● **WHAT THE TASK REQUIRES**
In the listing below, find the line containing "Fashion Jackson Wearing" and the line containing "Porta Pivotante de". Repeat exactly those two lines and every line between them.

● **DATA RECORDS**
◆ ◆ ◆ ◆ ◆

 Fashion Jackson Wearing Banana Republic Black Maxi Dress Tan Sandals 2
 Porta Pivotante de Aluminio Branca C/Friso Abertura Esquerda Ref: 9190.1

◆ ◆ ◆ ◆ ◆

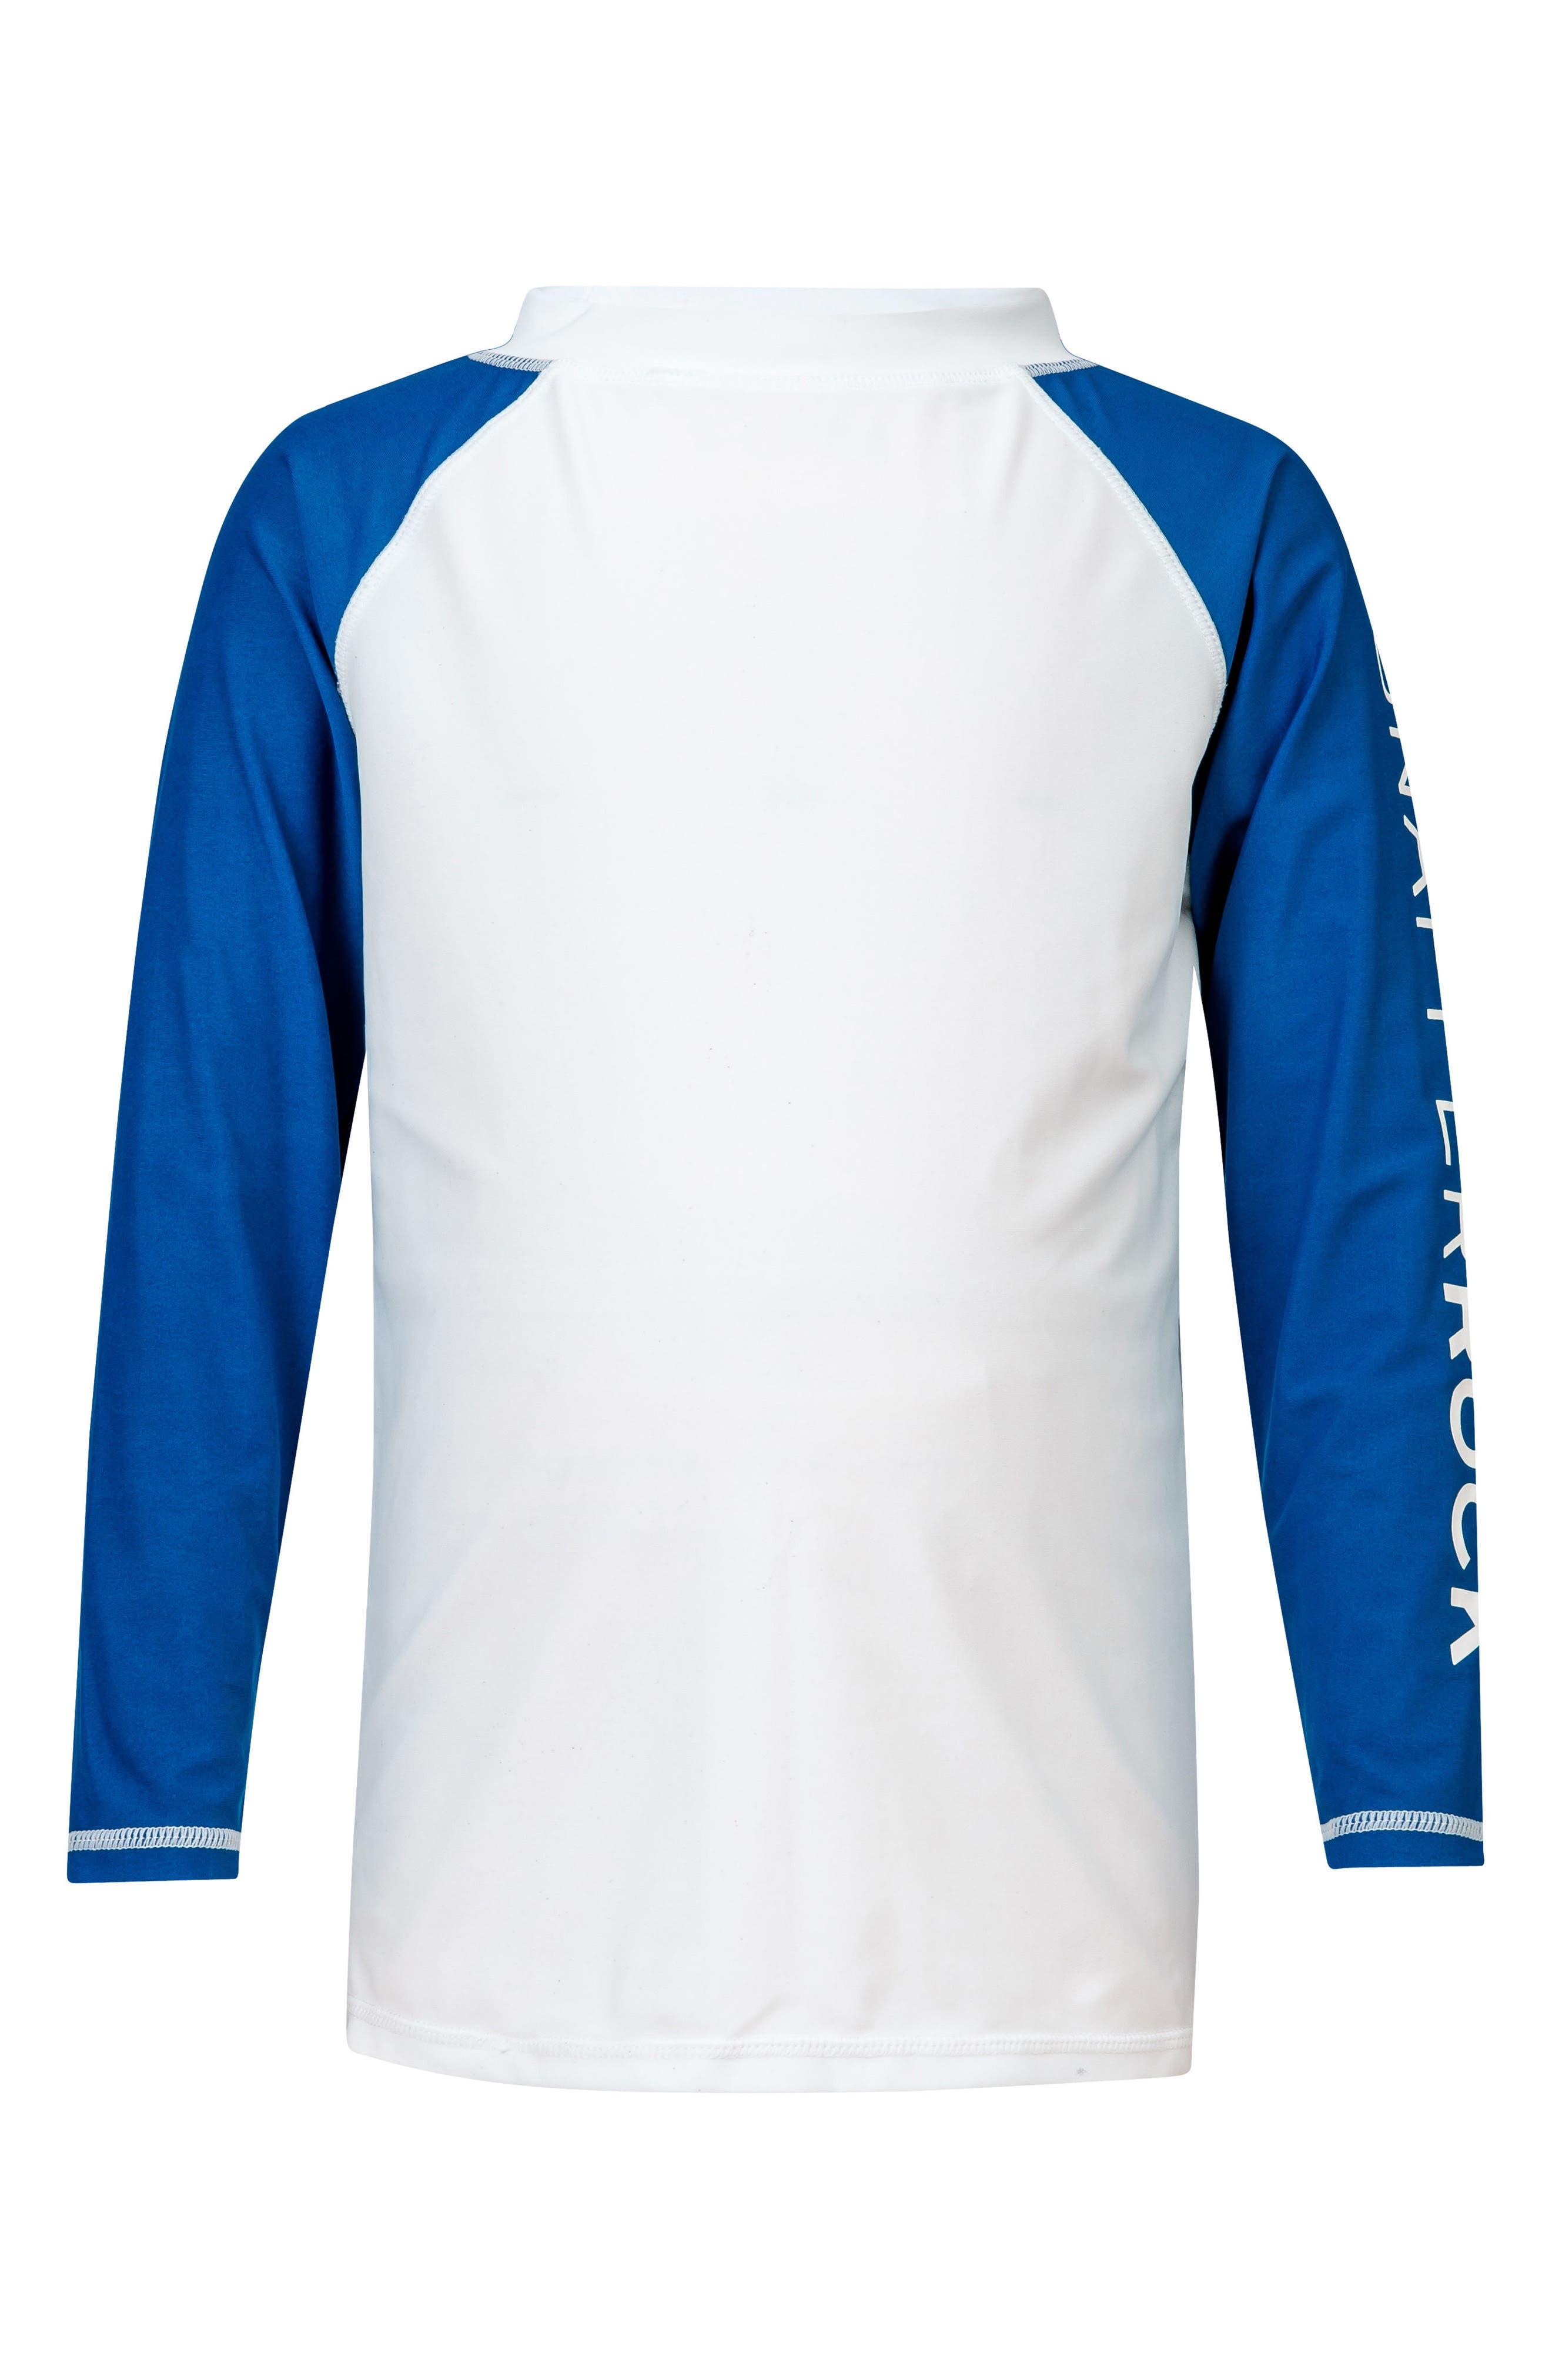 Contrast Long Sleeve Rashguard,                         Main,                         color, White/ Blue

◆ ◆ ◆ ◆ ◆

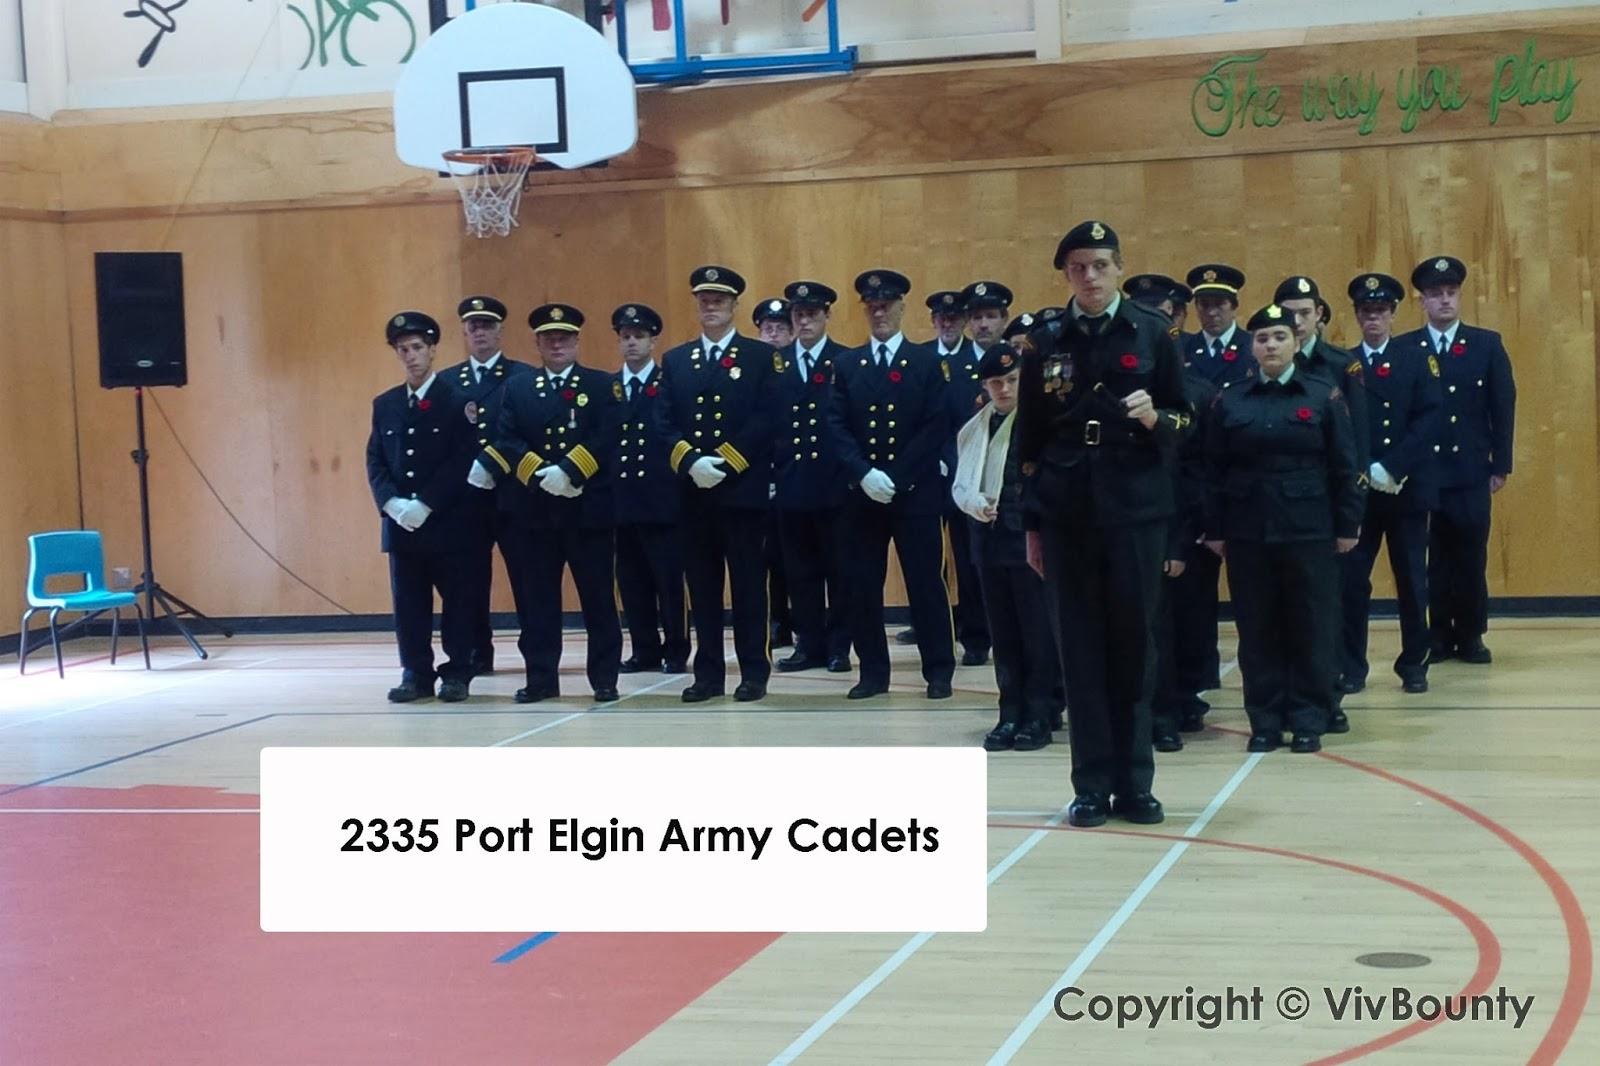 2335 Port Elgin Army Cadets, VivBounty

◆ ◆ ◆ ◆ ◆

● **WRITTEN SOLUTION**
 Fashion Jackson Wearing Banana Republic Black Maxi Dress Tan Sandals 2
 Porta Pivotante de Aluminio Branca C/Friso Abertura Esquerda Ref: 9190.1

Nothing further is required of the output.